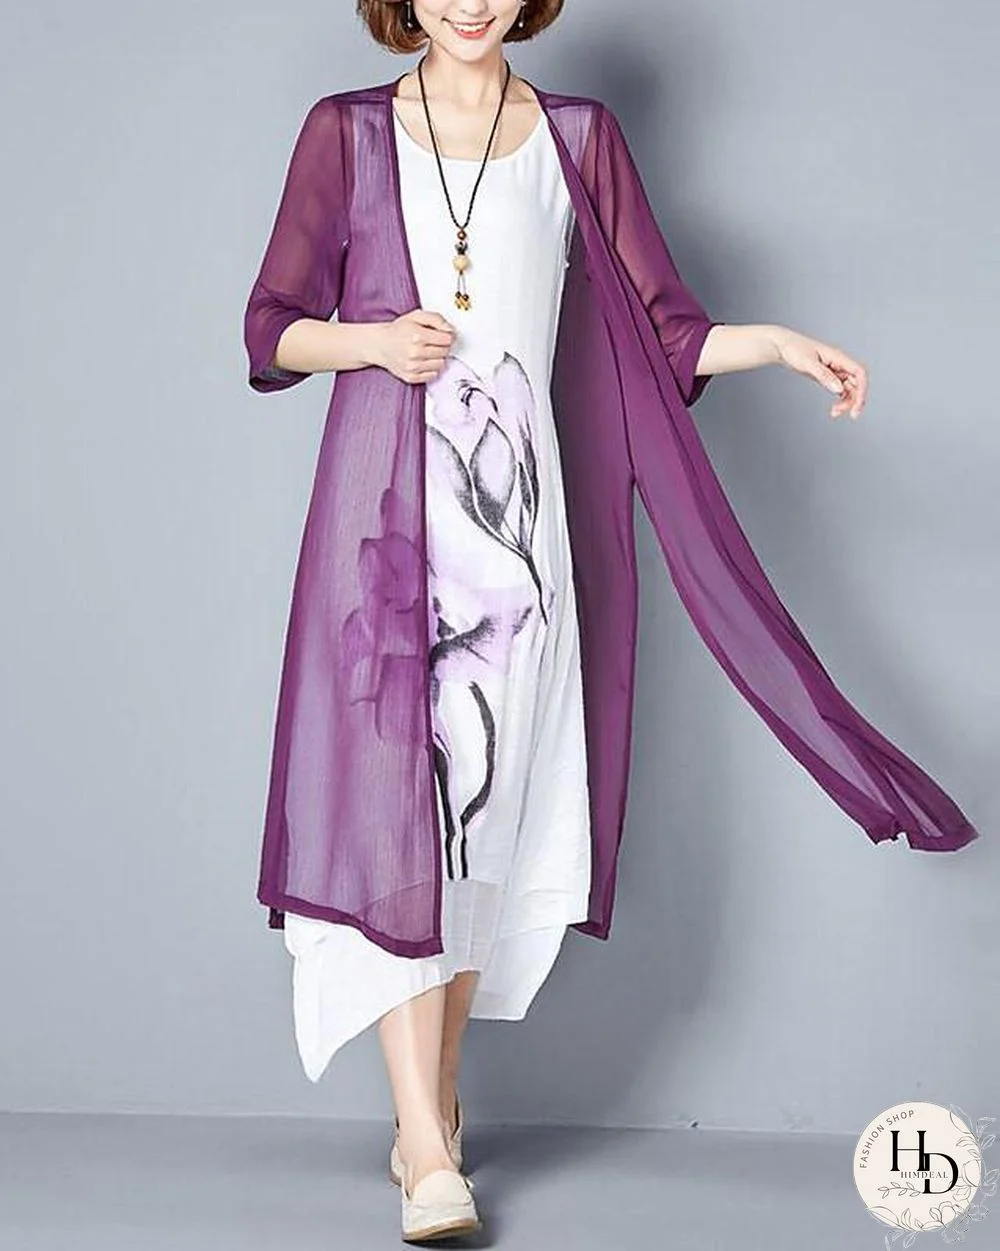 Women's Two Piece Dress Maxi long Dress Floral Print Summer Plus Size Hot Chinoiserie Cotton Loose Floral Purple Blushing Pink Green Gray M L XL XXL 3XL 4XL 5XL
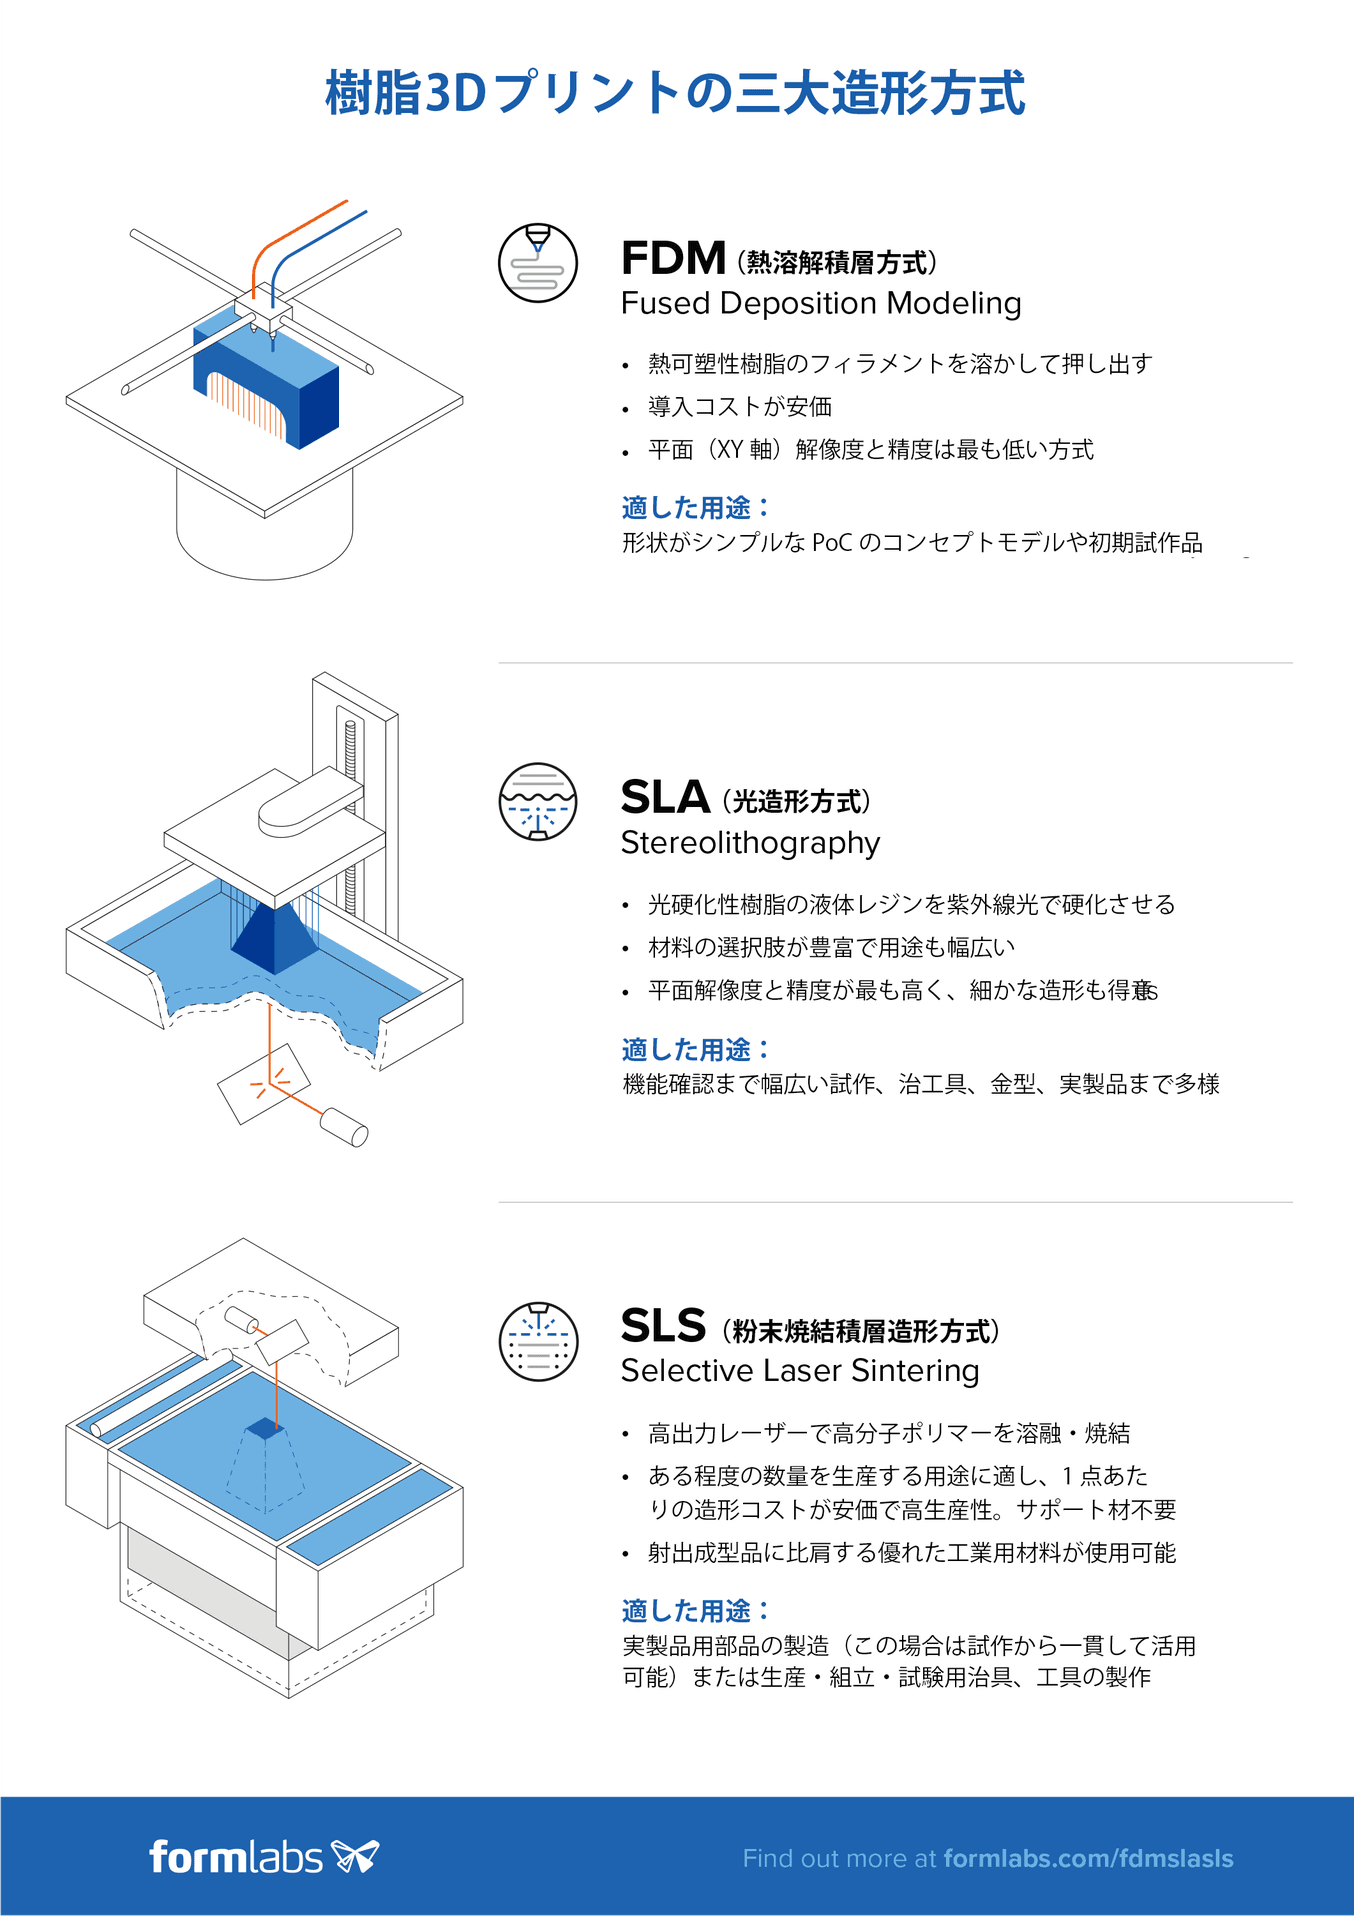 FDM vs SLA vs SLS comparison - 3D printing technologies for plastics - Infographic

==

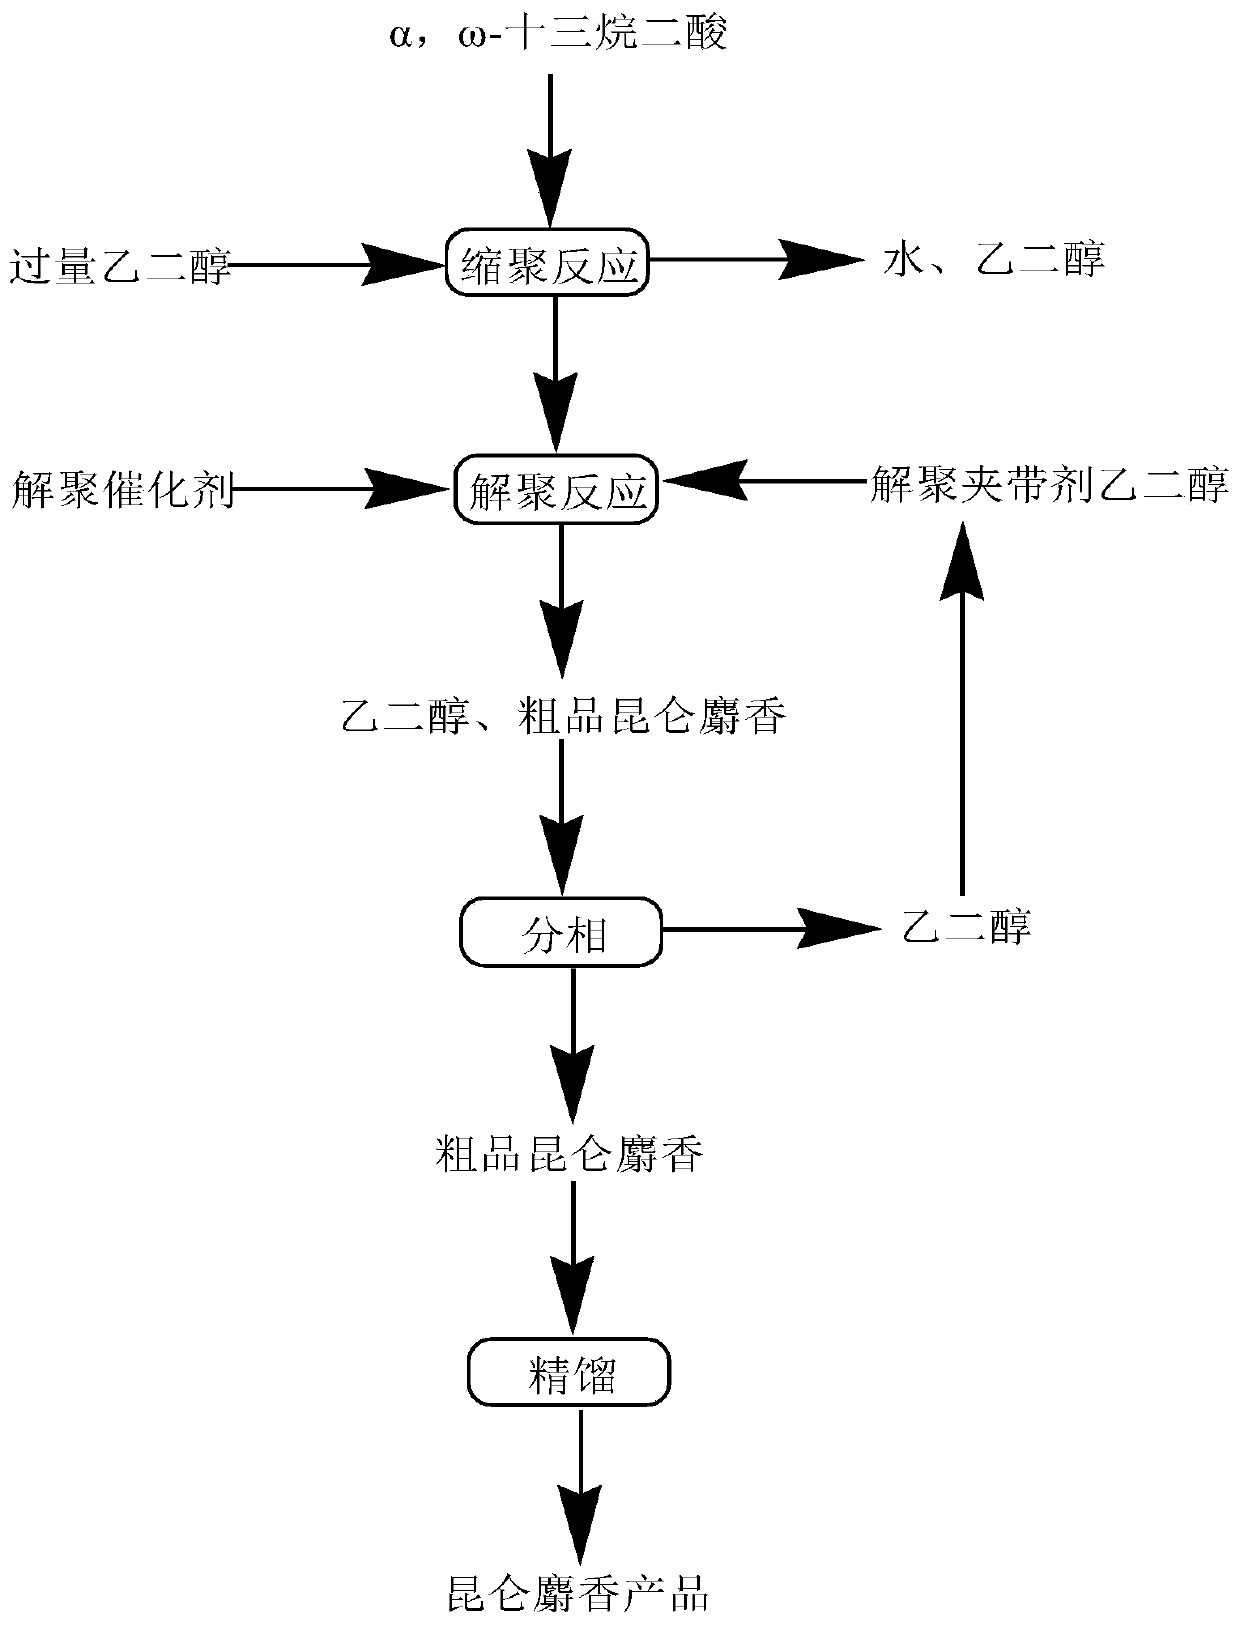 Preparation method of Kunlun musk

==

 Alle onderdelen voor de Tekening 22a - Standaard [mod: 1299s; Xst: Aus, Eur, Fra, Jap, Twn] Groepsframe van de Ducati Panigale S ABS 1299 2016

What this task involves. In the records above, find the line containing "Women's Two Piece" and the line containing "FDM vs SLA vs", then give both of them again word for word along with every line between. Omit any pictures.

Response area.
 Women's Two Piece Dress Maxi long Dress Floral Print Summer Plus Size Hot Chinoiserie Cotton Loose Floral Purple Blushing Pink Green Gray M L XL XXL 3XL 4XL 5XL
 FDM vs SLA vs SLS comparison - 3D printing technologies for plastics - Infographic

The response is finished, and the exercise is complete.